So, what's a guy (or gal) to do?
The third image shows a simple trick for reverse polarity protection that has a minimal voltage drop across the protection device. In this case, you use an N-channel MOSFET on the return (negative) side of your project.
When the DC voltage is connected properly, the MOSFET's gate is pulled high relative to its source, which turns it ON. In this case, the FET behaves like a low-value resistor. When the DC voltage is reversed, the gate is pulled LOW relative to its source, and the FET turns off. Simple as that. Mostly.
You must choose a MOSFET with a low enough turn on voltage that it's FULLY turned on at your minimum operating voltage, and has a low enough RDSon at your operating voltage that your voltage drop will be low enough for your system to operate. I show a Si4838DY that will fit the bill for many projects. At Vgs = 2.0V, it has an ON resistance of only 0.003 ohms! And it can handle up to 60 Amps, so it's effective for low and high current applications. It's expensive, at over $3.00 each though ($1.50 in quantity). For less demanding applications, perhaps a IRLML6344TRPBF will better fit the bill. It's only $0.50 ($0.13 in quantity).
As your operating voltage goes up, a whole plethora of transistors open up, that may be better suited for your application, and cheaper. Just be sure to look at the RDSon vs. Vgs chart on your proposed transistor. Once you learn to peruse the DigiKey search engine and scan the data sheets, you can find transistors pretty quickly.
By the way, carefully check to make sure that you don't reverse the Source and Drain of the transistor!
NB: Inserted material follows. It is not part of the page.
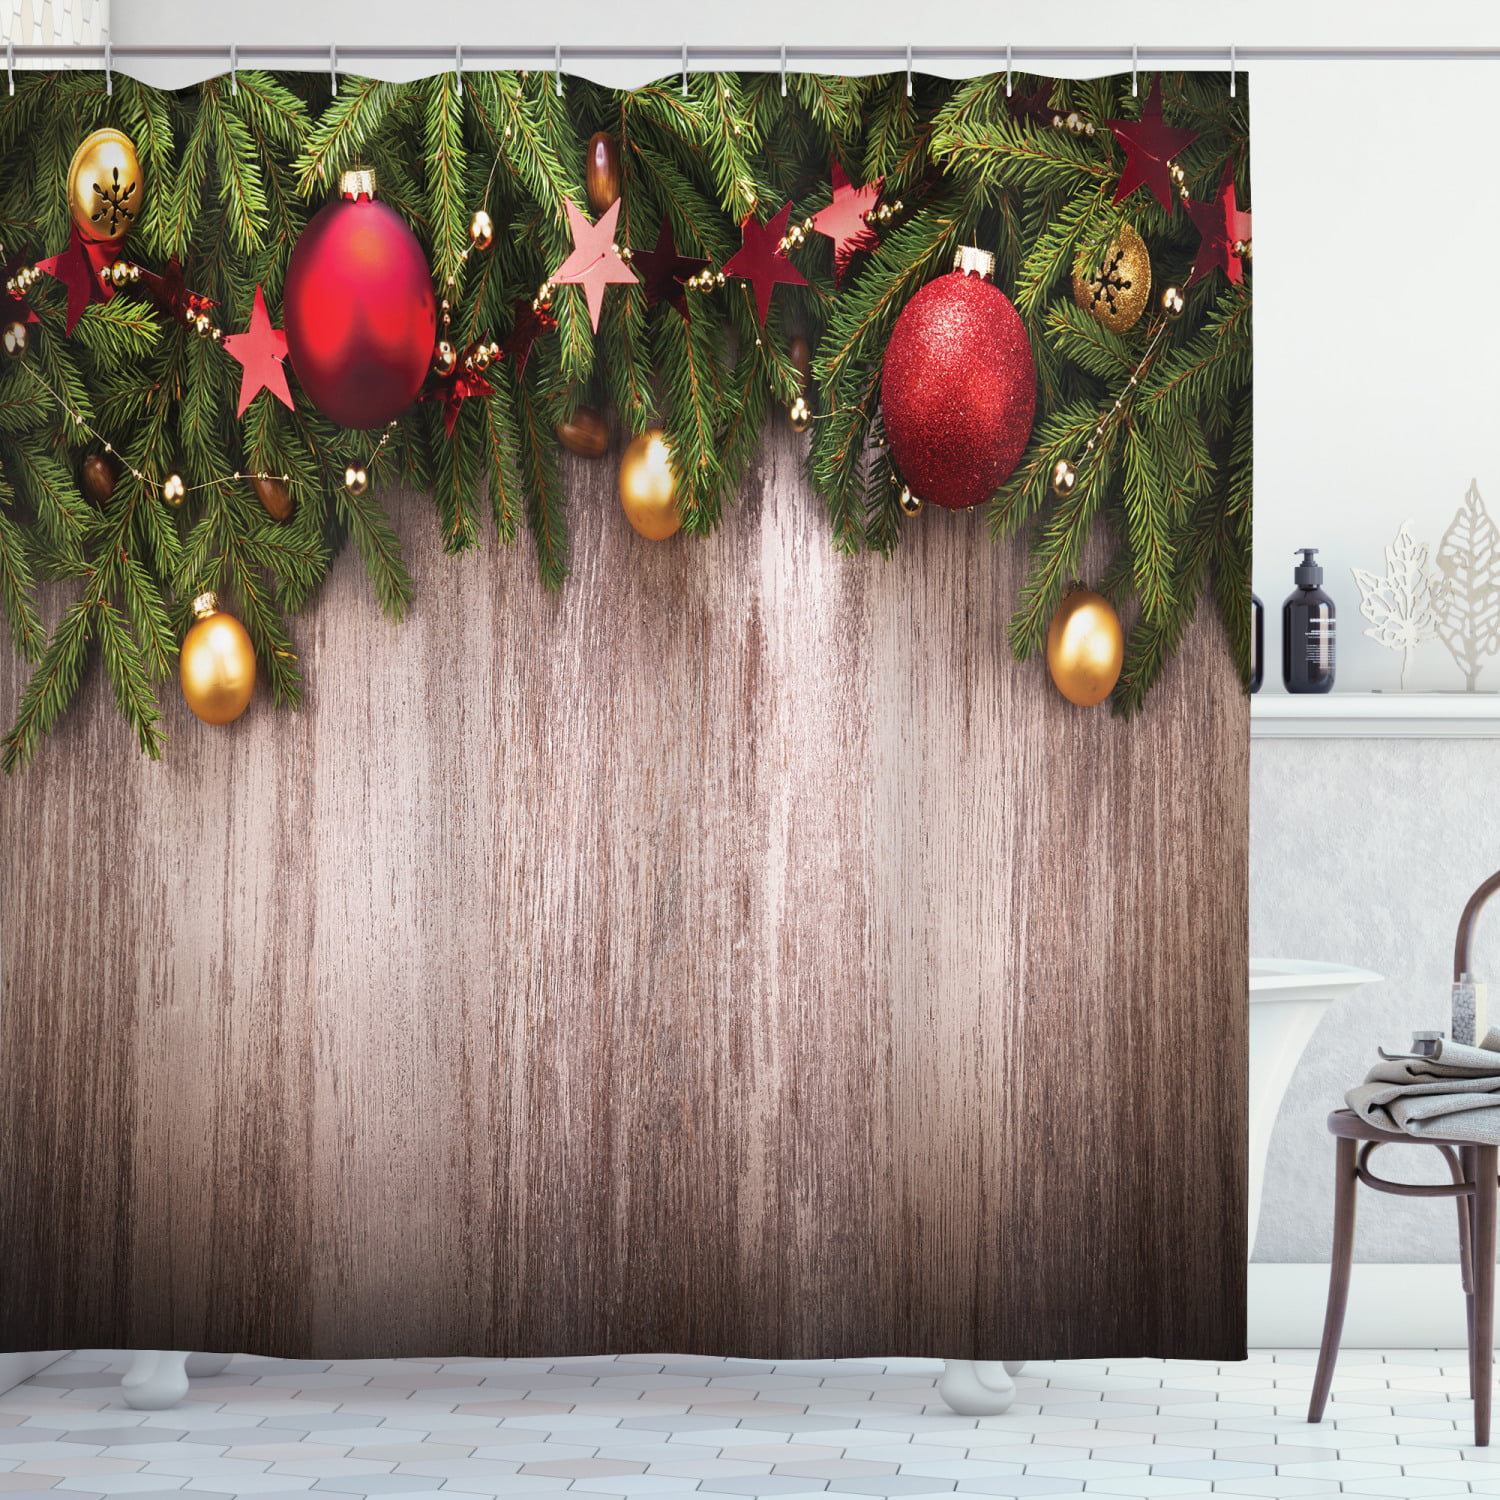 Rustic Fireplace Christmas Tree Socks Fabric Shower Curtain Set Bathroom Decor 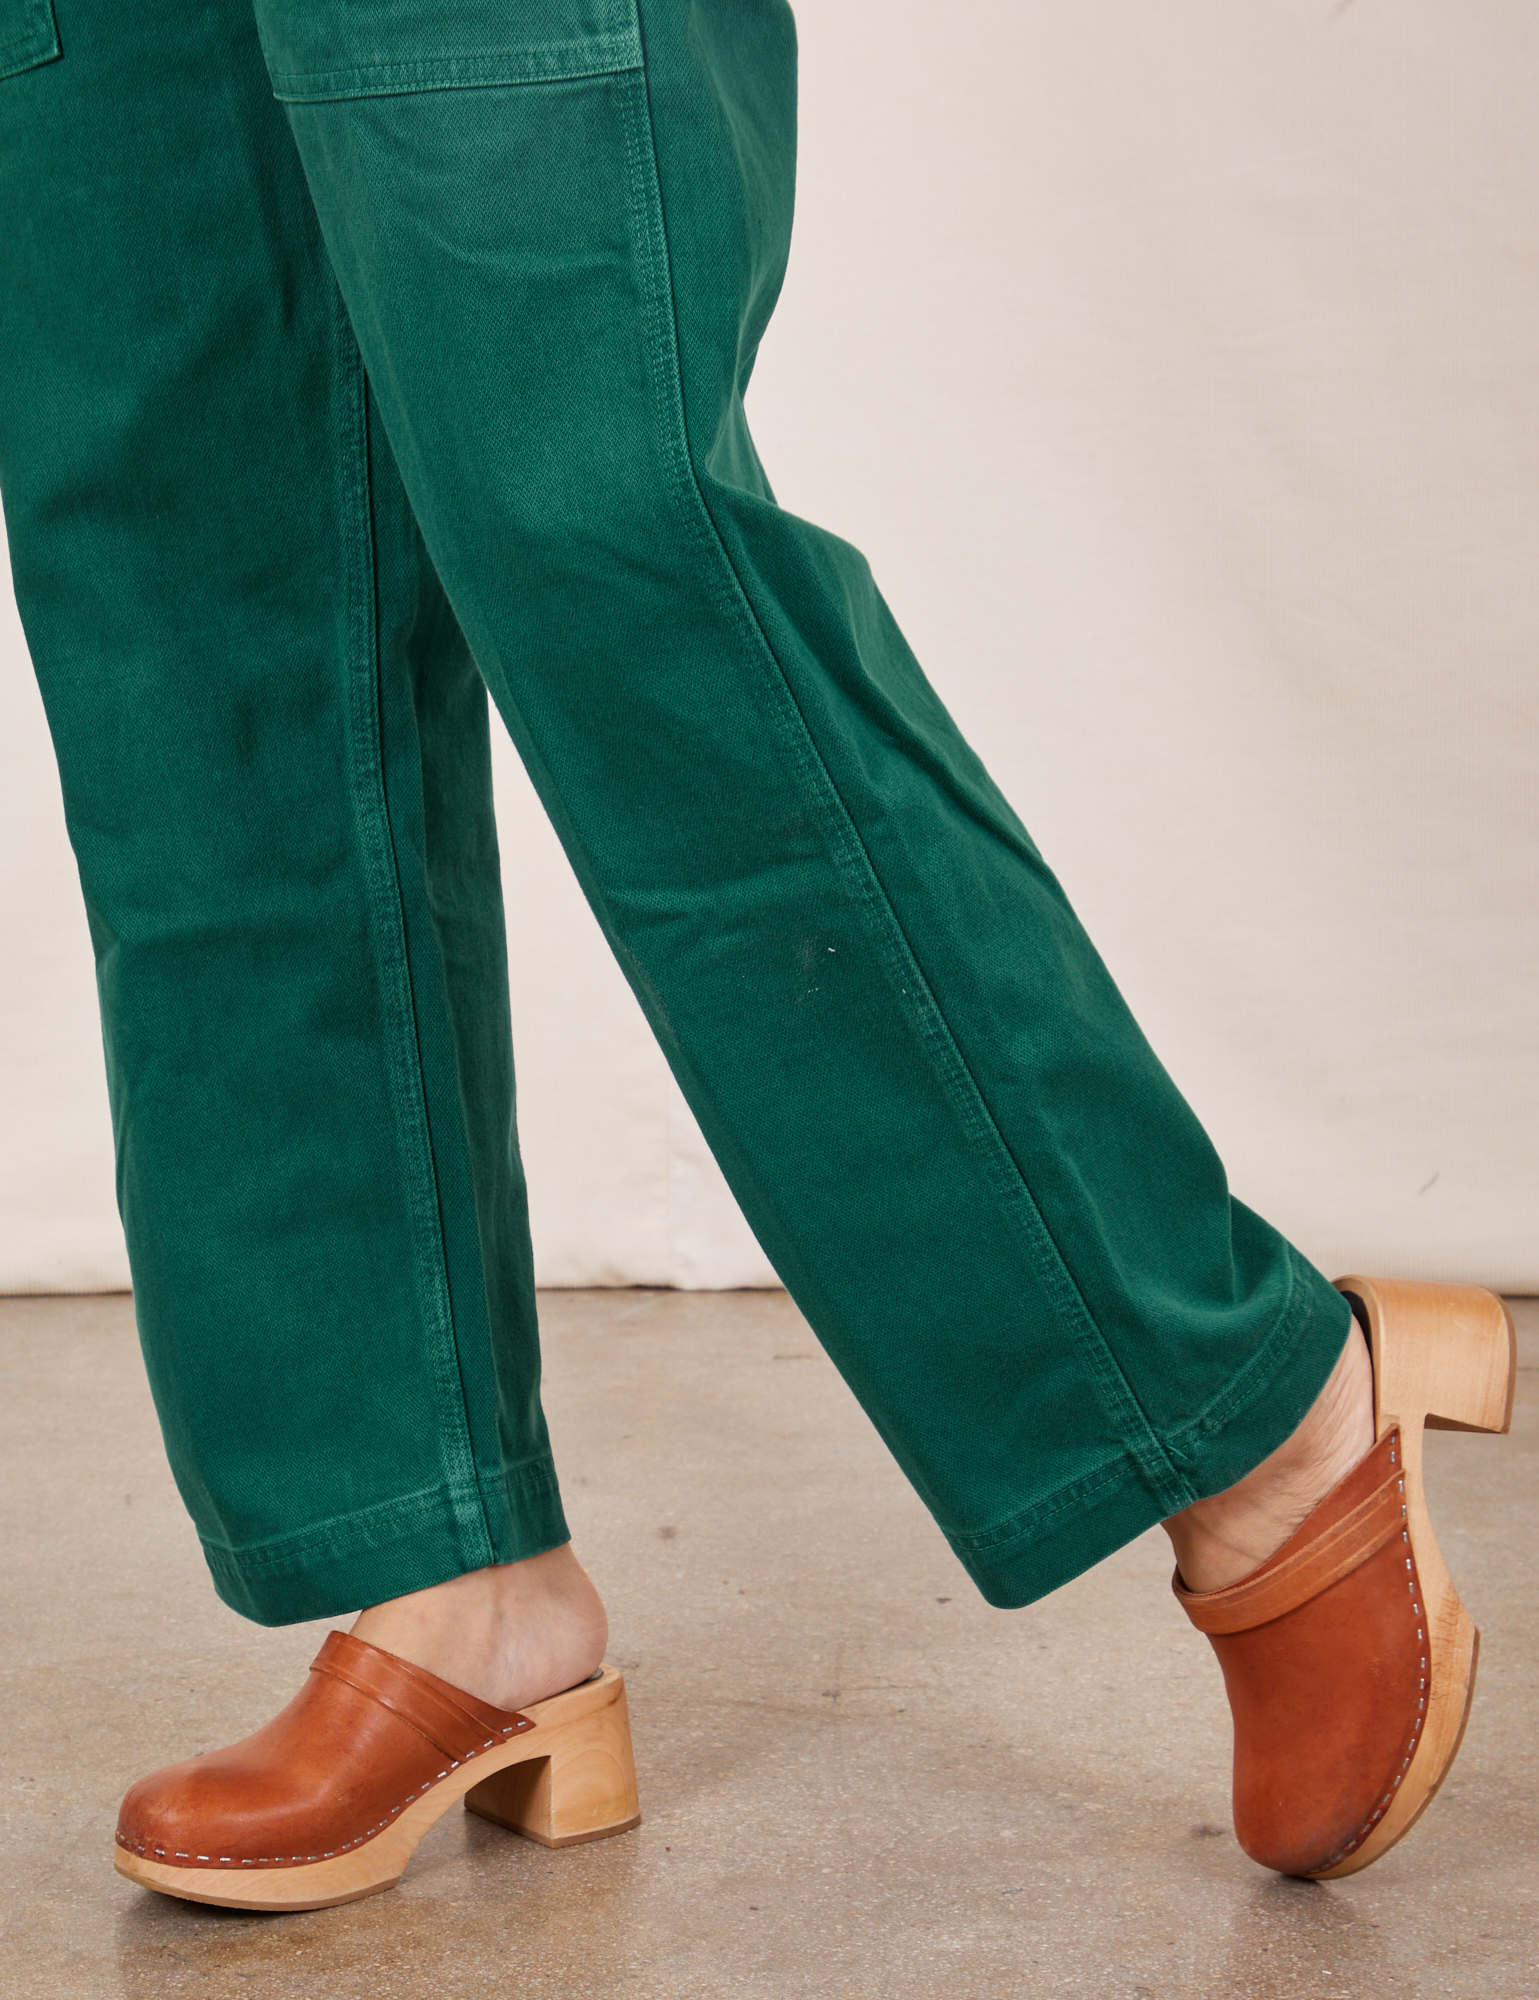 Pant leg close up of Original Overalls in Mono Hunter Green worn by Tiara

If you do, the body diode of the FET will conduct during reverse polarity connection, and you'll fry your circuit.
Well, I have. It can ruin your day.
The easiest way to protect your system from a reversed battery is seen in the first image. Simply put a diode in one leg or the other of your circuit (usually the + side). If you don't care about your system's efficiency, and you have at least 0.7 V of margin when your DC supply is at its lowest possible value, then this will work fine. RLOAD represents whatever the heck you're running -- a microcontroller, a coffee warmer, whatever.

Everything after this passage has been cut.